Learning Graph Quantized Tokenizers for Transformers

Limei Wang,Kaveh Hassani,Si Zhang,Dongqi Fu,Baichuan Yuan,Weilin Cong,Zhigang Hua,Hao Wu,Ning Yao,Bo Long
2024-10-18
Abstract:Transformers serve as the backbone architectures of Foundational Models, where a domain-specific tokenizer helps them adapt to various domains. Graph Transformers (GTs) have recently emerged as a leading model in geometric deep learning, outperforming Graph Neural Networks (GNNs) in various graph learning tasks. However, the development of tokenizers for graphs has lagged behind other modalities, with existing approaches relying on heuristics or GNNs co-trained with Transformers. To address this, we introduce GQT (\textbf{G}raph \textbf{Q}uantized \textbf{T}okenizer), which decouples tokenizer training from Transformer training by leveraging multi-task graph self-supervised learning, yielding robust and generalizable graph tokens. Furthermore, the GQT utilizes Residual Vector Quantization (RVQ) to learn hierarchical discrete tokens, resulting in significantly reduced memory requirements and improved generalization capabilities. By combining the GQT with token modulation, a Transformer encoder achieves state-of-the-art performance on 16 out of 18 benchmarks, including large-scale homophilic and heterophilic datasets. The code is available at: <a class="link-external link-https" href="https://github.com/limei0307/graph-tokenizer" rel="external noopener nofollow">this https URL</a>
Neural and Evolutionary Computing,Artificial Intelligence,Machine Learning
What problem does this paper attempt to address?

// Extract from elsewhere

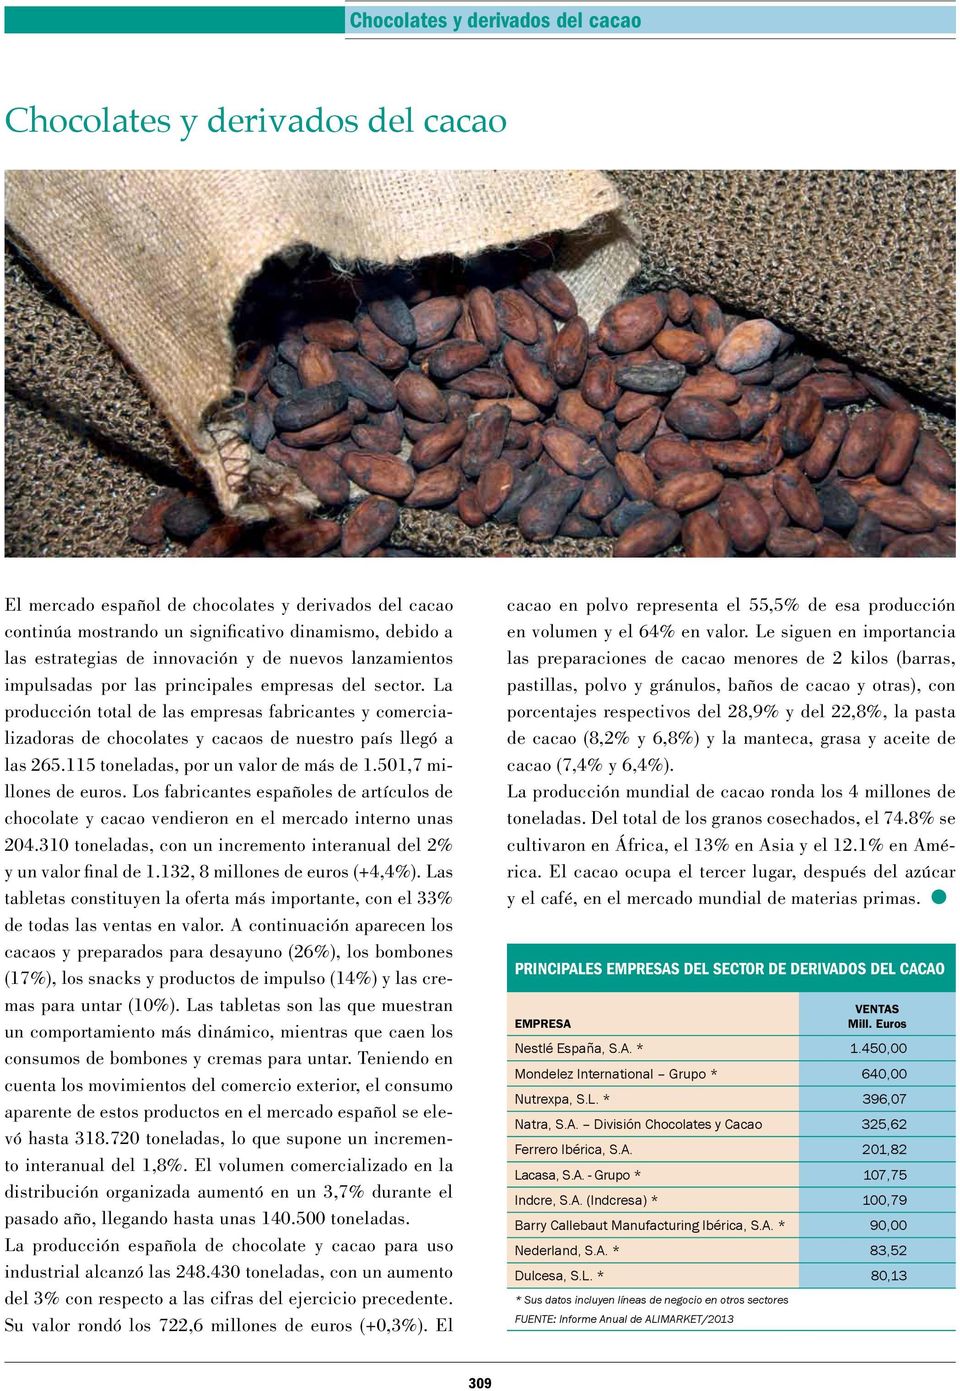 115 toneladas, por un valor de más de 1.501,7 millones de euros. Los fabricantes españoles de artículos de chocolate y cacao vendieron en el mercado interno unas 204.

The problems that this paper attempts to solve are as follows: The development of existing tokenizers for graph - structured data lags behind that of data in other modalities and depends on heuristic methods or graph neural networks (GNNs) co - trained with Transformers. This restricts the performance of graph Transformers (GTs) when handling graph - learning tasks, especially on large - scale and heterogeneous graphs. Therefore, this paper proposes a new Graph Quantized Tokenizer (GQT), aiming to decouple the tokenizer training from the Transformer training through multi - task graph self - supervised learning, thereby generating robust and general graph tokenization. Specifically, the paper addresses the following key issues: 1. **Limitations of existing tokenizers**: Existing graph tokenizers depend on heuristic methods or GNNs co - trained with Transformers, which leads to limited performance of the tokenizers and inability to fully exploit the potential of Transformers. 2. **Decoupling of tokenizers and Transformers**: In order to improve the generalization ability and efficiency of tokenizers, the paper proposes to train the tokenizers through multi - task graph self - supervised learning, enabling them to be trained independently of Transformers, thereby generating more robust tokenization. 3. **Reduction of memory requirements**: By introducing Residual Vector Quantization (RVQ), GQT can learn hierarchical discrete tokenization, significantly reducing memory requirements and improving generalization ability. 4. **Enhancement of long - range dependency capture**: By combining semantic edges and random walk techniques, GQT enables Transformers to better capture long - range dependency relationships in graphs, thereby achieving better performance in various graph - learning tasks. Through these improvements, GQT has achieved state - of - the - art performance on 18 datasets in 16 benchmark tests, especially performing excellently on large - scale homogeneous and heterogeneous graph datasets.